Rodrigo Carazo (p.121-2), from his experience as Executive Director of Recope at the time when the parent company Texas Petroleum was taken over by Allied Chemicals (1963 – 1965), suggests that “the transnational companies take their decisions by comparing the benefits which various countries offer them and they choose those which can give them the most” (p. 121). From this it’s easy to conclude that “the investments are motivated exclusively by what the businessmen of short-term vision call ‘productivity’ and ‘successful enterprise’ and, in one word, ‘development’.” (p.121)

“Las empresas buscan, por lo general, beneficios especiales a cambio de la inversión. A la postre, si tienen éxito llevan estos beneficios a los socios extranjeros y tratan de poner a los países pobres en competencia entre ellos para que les dan más. Hemos vivido lo anterior, entre 1982 y 1988 con características de tragedia, en el caso de los inversiones bananeras, que han logrado disminuir casi a cero los impuestos de exportación a base de decir, en cada país, que esos impuestos nacionales ponen a la respectiva nación que los establece “fuera de competencia en el mercado mundial”. [4] Cuando Figueres. El 11 de octubre de 1973, decide nacionalizar Recope, sentí una gran satisfacción como costarricense.”

Dennis Rodgers:

talks of “a new growth model led by narco-trafficking and Free Trade Zones.”[5]

Stephen Corry:

“No open-minded student of history could possibly conclude that the passing of time leads inevitably to an improvement over what has gone before, yet that is the belief which underpins, at least in part, the assertion that industrial society is more advanced than others.”[6]

 “Why, for example, should a mineral resource under tribal land not be exploited to help the majority? In reality, those who benefit most are not the needy and the poor, but the directors and shareholders of multinational corporations, development banks and senior government officials.
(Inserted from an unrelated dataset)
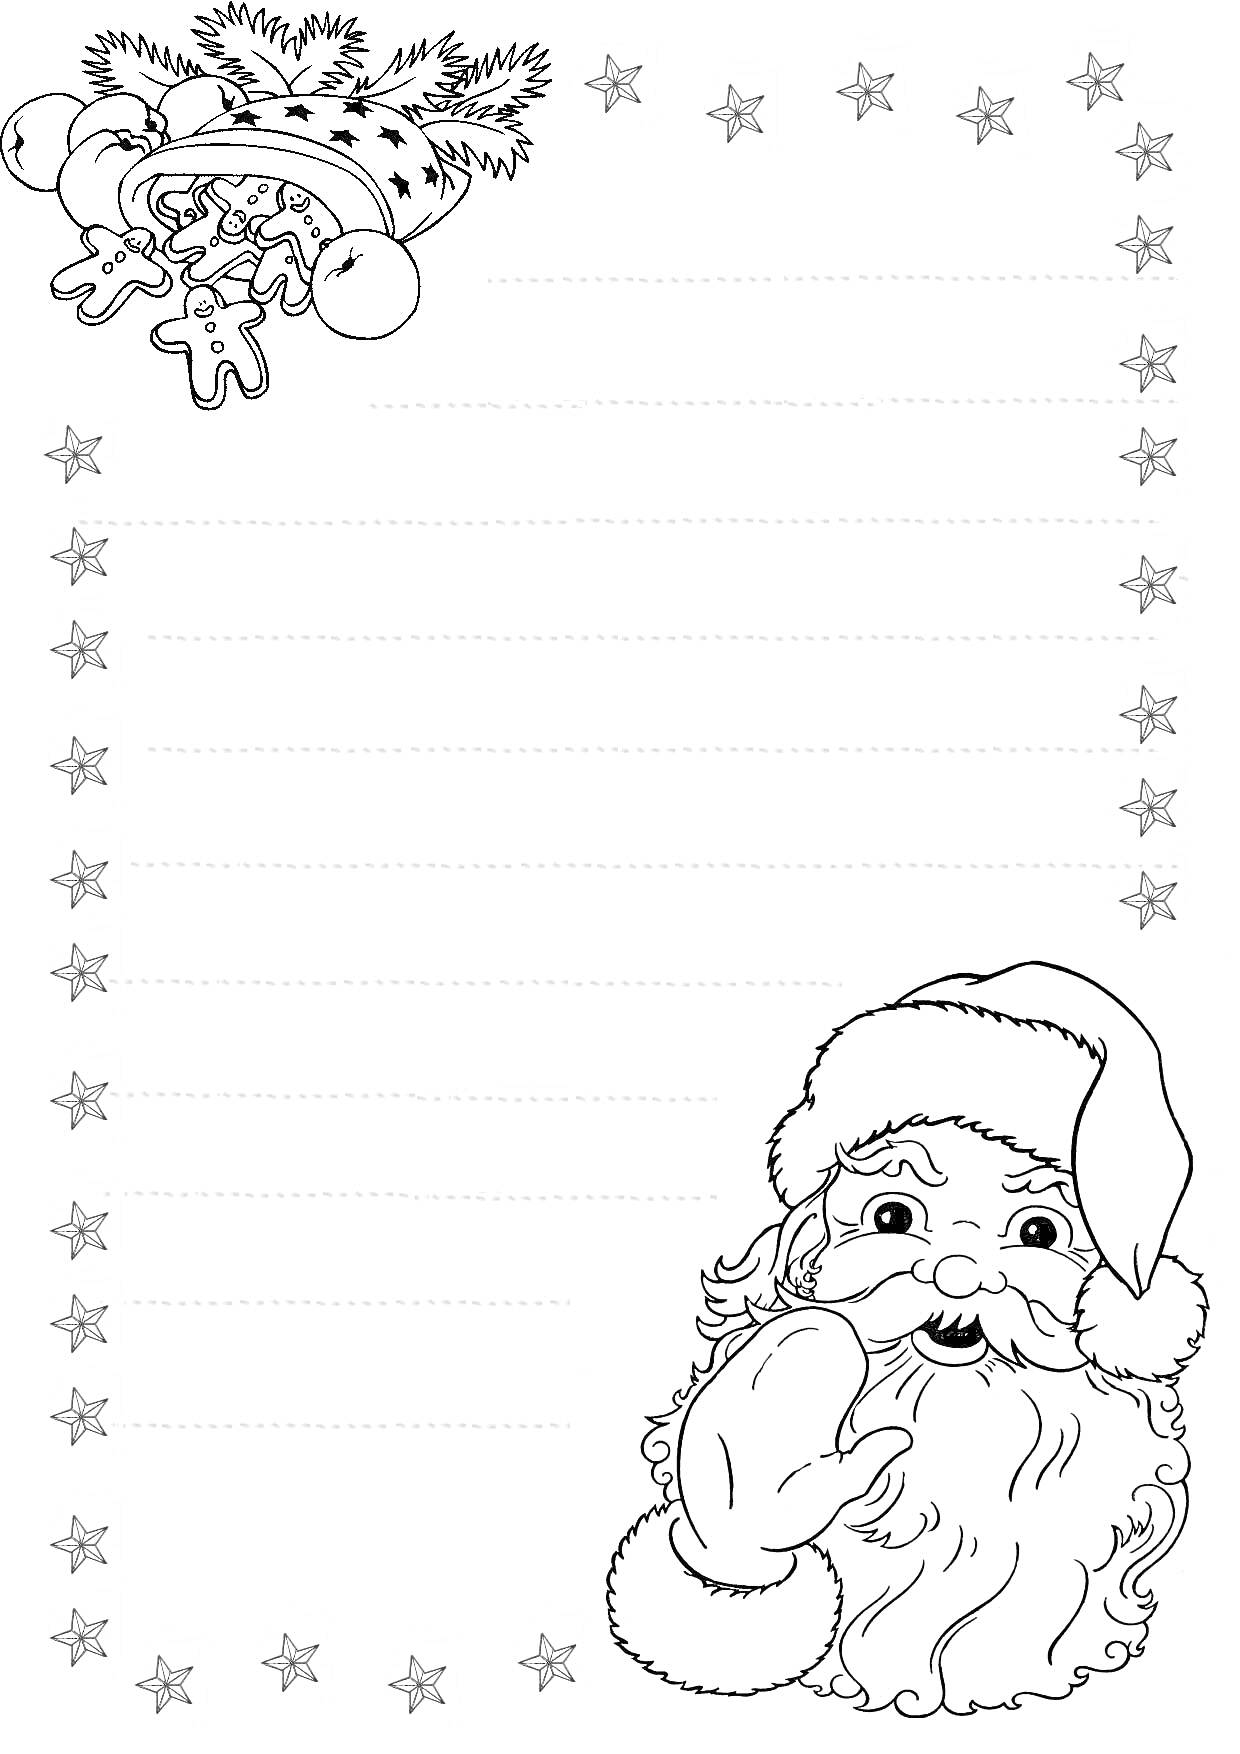 Раскраска Новогодняя раскраска с Дедом Морозом, ёлочными украшениями и рамкой из звёзд для письма

Such arguments are little different from those used to support colonialism, communism or fascism: one group takes what belongs to another, with the excuse that they need, or deserve, it more.”[7]
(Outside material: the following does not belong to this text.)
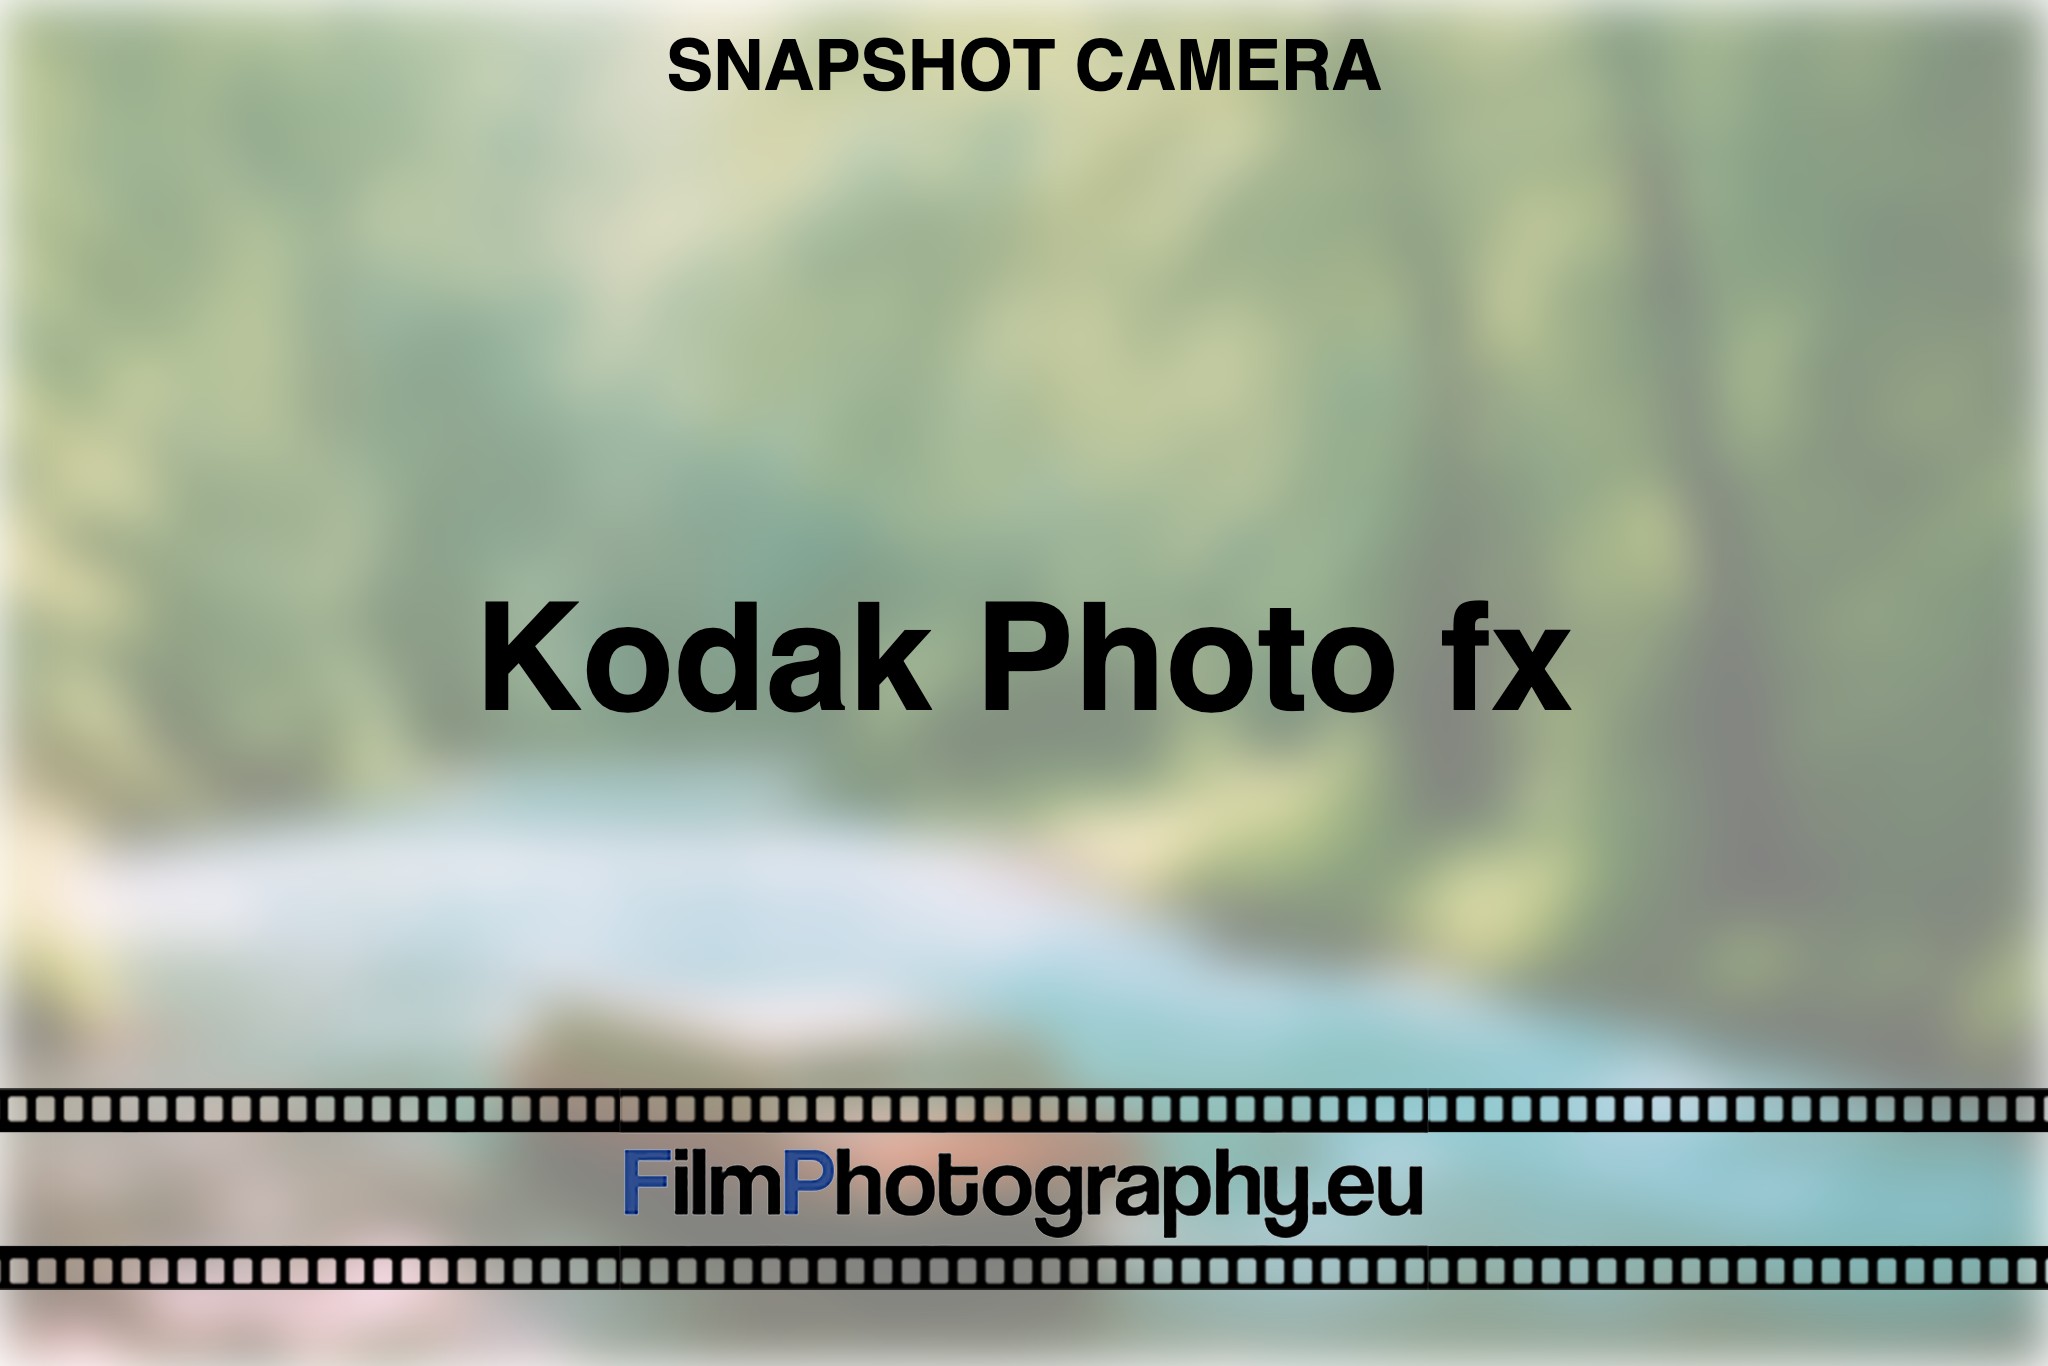 kodak-photo-fx-snapshot-camera-bnv

[1]   Juan Almendares (2010) ‘Letter to Mother Earth and Humanity of the Planet’, Tegucigalpa, Honduras, April.
[2]   Ibid.
[3]   Rodrigo Carazo (1989) Tiempo y Marcha, San José, Universidad Estatal a Distancia, p. 121.
[4]   Ibid.
[5]   Dennis Rodgers (January-February 2008) ‘A Symptom Called Managua’, New Left Review, 49, London.
[6]   Stephen Corry (2011) Tribal Peoples: for tomorrow’s world, Alcester, UK: Freeman Press, p. 33.
[7]   Ibid. p.295

Chapter 11: Whither Development?

That the current level of violence (illustrated particularly in Chapter 9) is so high even twenty years after the end of the region’s wars reflects the same prevailing power structure which reigned during the wars of the 1970s, 1980s and early 1990s. That same power structure still reigns largely thanks to the influence of the US, the international financial institutions and the traditional Central American oligarchies which all combine to promote neoliberal economic development rules that favour western TNCs and national elites over local communities and environments.

The violence may range from a bureaucratic refusal to recognise a valid claim to land ownership, the denial of the results of a consultation exercise by indigenous groups, denial of the right to form a union, the use of tear gas by security forces against a peaceful demonstration, unlawful imprisonment of non-violent protestors, threats against personal and family well-being, death threats, assassinations, massacres and the use of terror against whole communities. As the preceding chapters have shown, the inclusion of those last items in the list is not an exaggeration of the levels of violence. Death threats, assassinations and terror are precisely the tactics used to ensure the ‘success’ of development projects.